Solomon J. Buchsbaum
Male, Person
1929 –
Who is Solomon J. Buchsbaum?
Solomon J. Buchsbaum was an American physicist and technologist, best known as chair of the White House Science Council under Presidents Ronald Reagan and George H. W. Bush, and as a senior executive at Bell Laboratories.
Born in Stryj, Poland, Buchsbaum's parents died in the Holocaust. He and one sister escaped capture by the Nazis and made their way to Warsaw, where he was protected in a Catholic orphanage. There he recited Mass and became an altar boy. After the war, as a teenager, Buchsbaum made his way to Canada where a learned English and found a job in a hat factory. With no previous formal training, he won a scholarship to McGill University in physics and mathematics, there earning a bachelor's degree in 1952, and a master's degree a year later. He received his Ph.D. from MIT in 1957.

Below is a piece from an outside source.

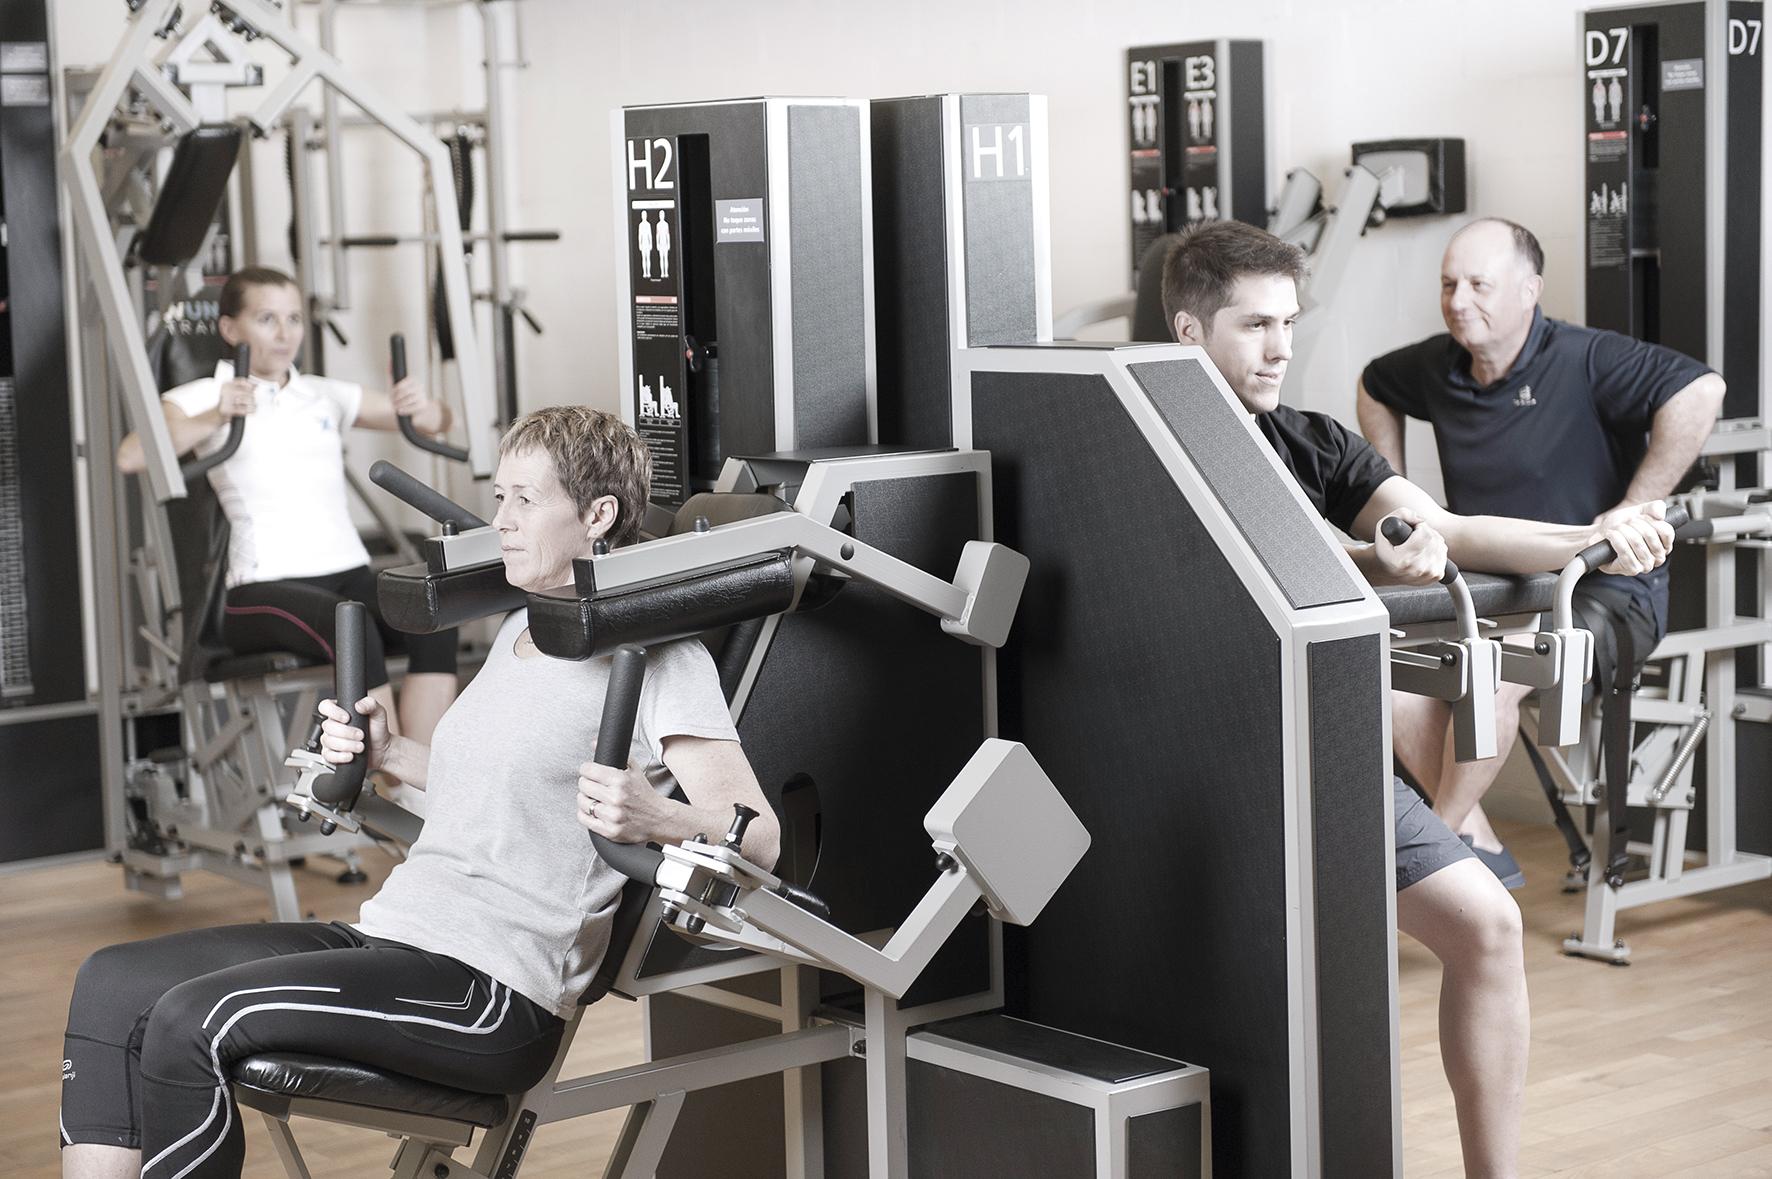 Máquinas de entrenamiento: las protagonistas de Wunder Training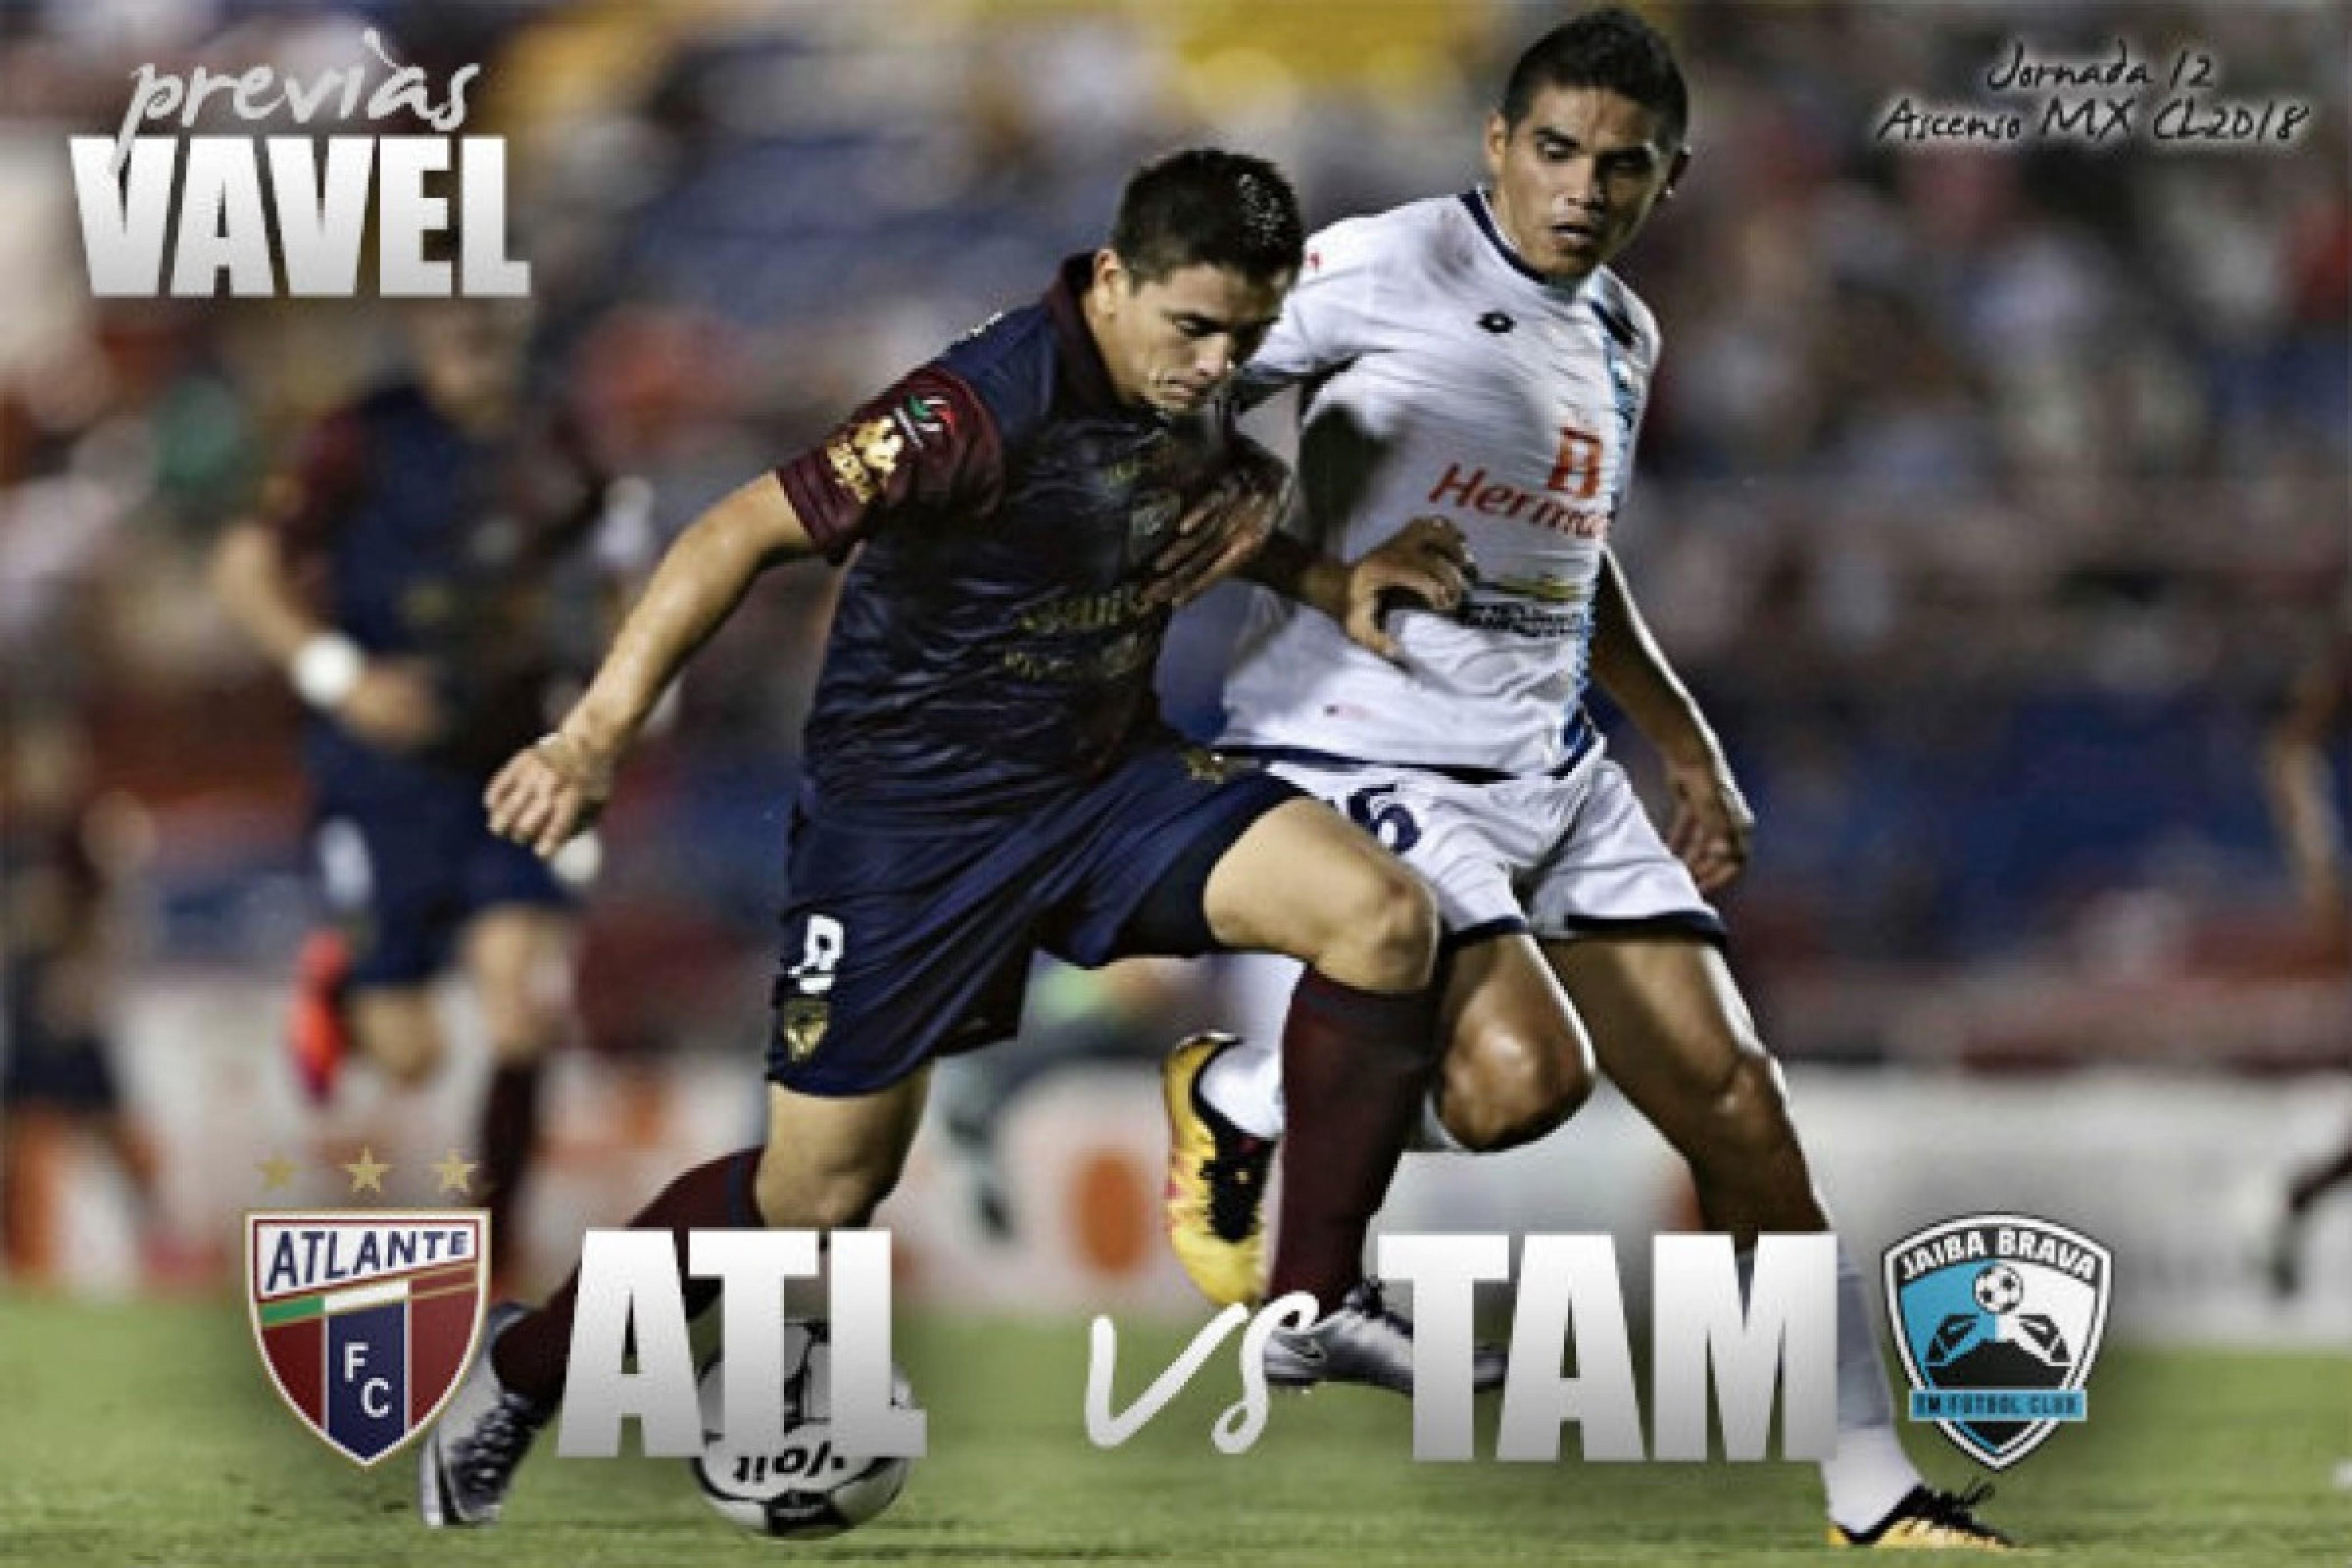 Previa Atlante - Tampico Madero: enderezar el trote

Buchsbaum's career at Bell began as a researcher on gaseous and solid plasmas in 1958. Rising through the ranks, he became vice president in charge of technology systems in 1979. He published 50 articles and was awarded 8 patents. Nobel Laureate Arno Penzias called him the "vice president in charge of everything else," meaning everything that was not directly phone company business.